Tematem rozmowy były Święta Wielkanocne i towarzyszące im tradycje kulinarne. Zdaniem Roberta to, co najczęściej się zmienia, to dekoracje na świątecznym stole, które są coraz bardziej różnorodne i nowoczesne, natomiast same potrawy raczej pozostają niezmienne.
Na pewno oprócz święconki muszą pojawić się jajka - faszerowane, zapiekane, gotowane, wszystkie dobrze doprawione czarnym i ziołowym pieprzem, solą czosnkową oraz papryką. Nie może również zabraknąć mięs pieczystych podanych z chrzanem lub ćwikłą, śledzi wzbogaconych czarnym pieprzem, zielem angielskim i goździkami oraz pasztetów.
Ulubionym daniem Roberta na świąteczne śniadanie są pieczone plastry buraczków z jajkami przepiórczymi, anchois i kawiorem. Pięknie prezentują się na stole i równie wspaniale smakują. Godna polecenia jest również pieczona szynka z prosięcia w zalewie piwno-miodowej z goździkami oraz pasztet z perliczki z pistacjami, pomarańczami, imbirem, pieprzem i miętą.
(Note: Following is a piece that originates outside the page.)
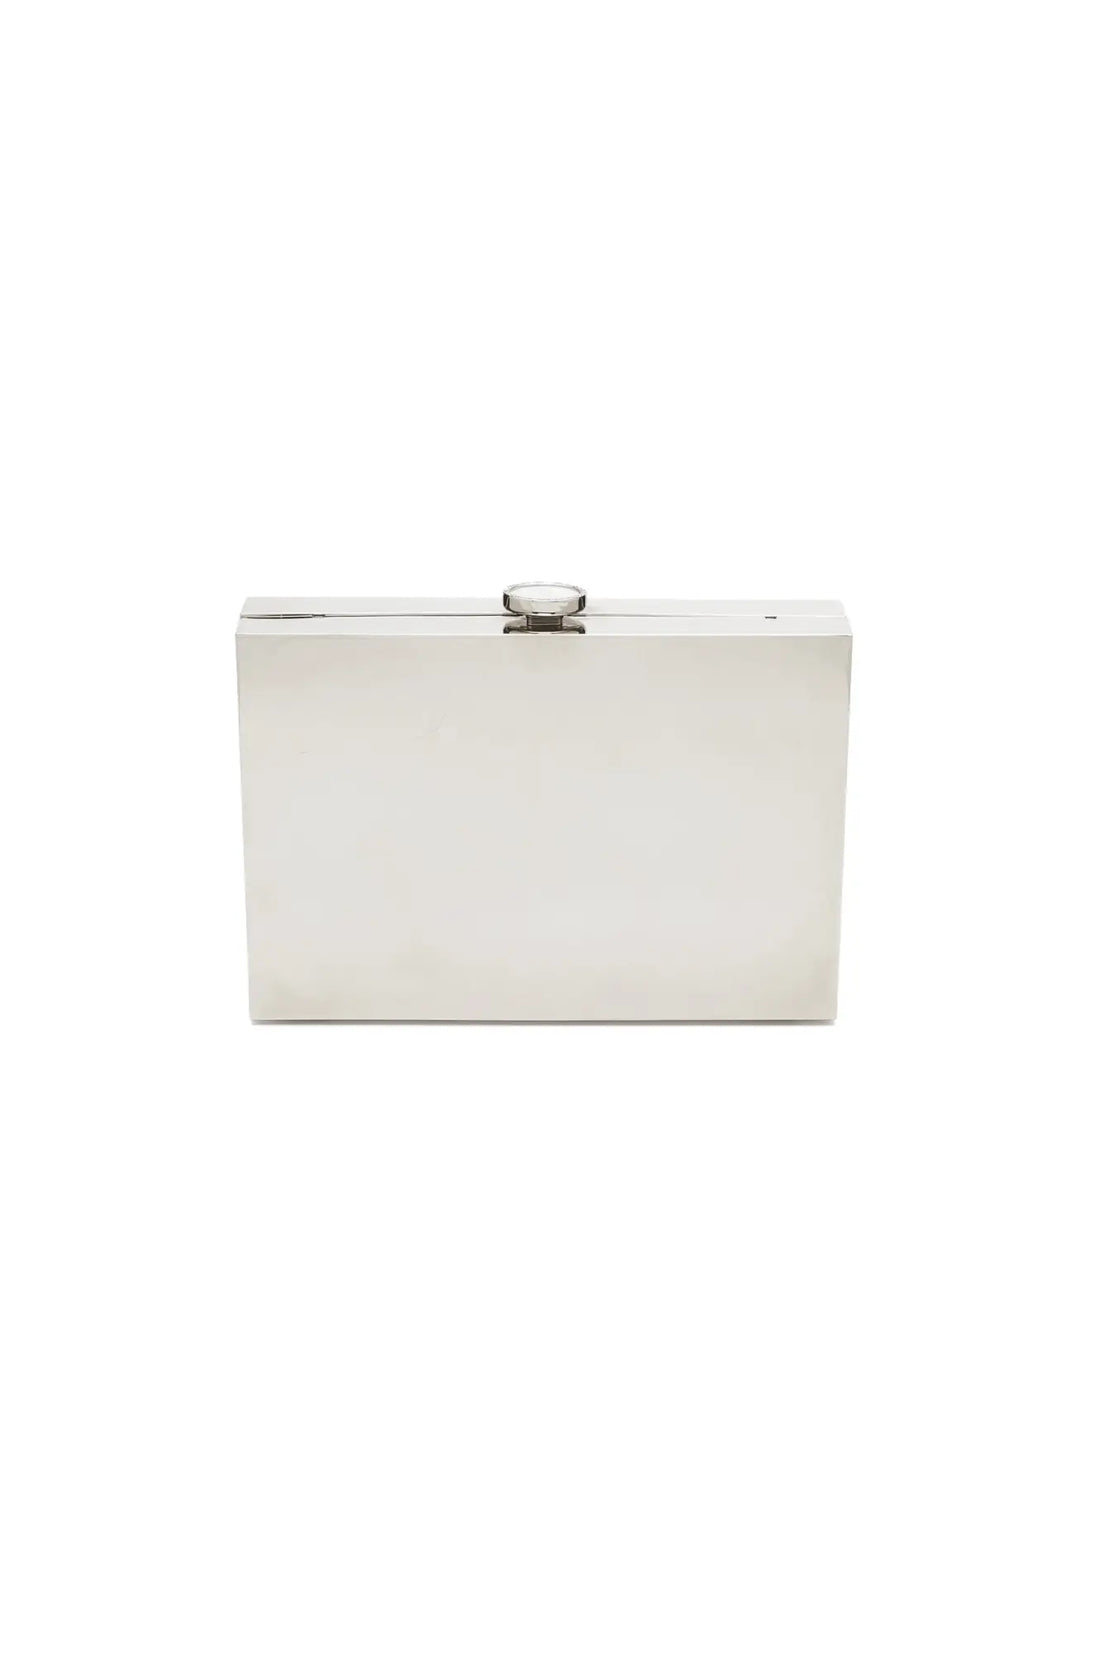 A plain white Ella Clutch - Mirror Silver purse with a silver metallic clasp on a white background by The Bella Rosa Collection.

W Wielkanoc obowiązkowo musi pojawić się również żur przygotowany na zakwasie z mąki żytniej, do którego dodaje się wywar z żeberek lub wędzonego boczku. Do zupy koniecznie trzeba dodać chrzan i maślankę lub serwatkę. Tak przygotowany żur powinno się doprawić kminkiem i podawać z białą kiełbasą i jajkiem.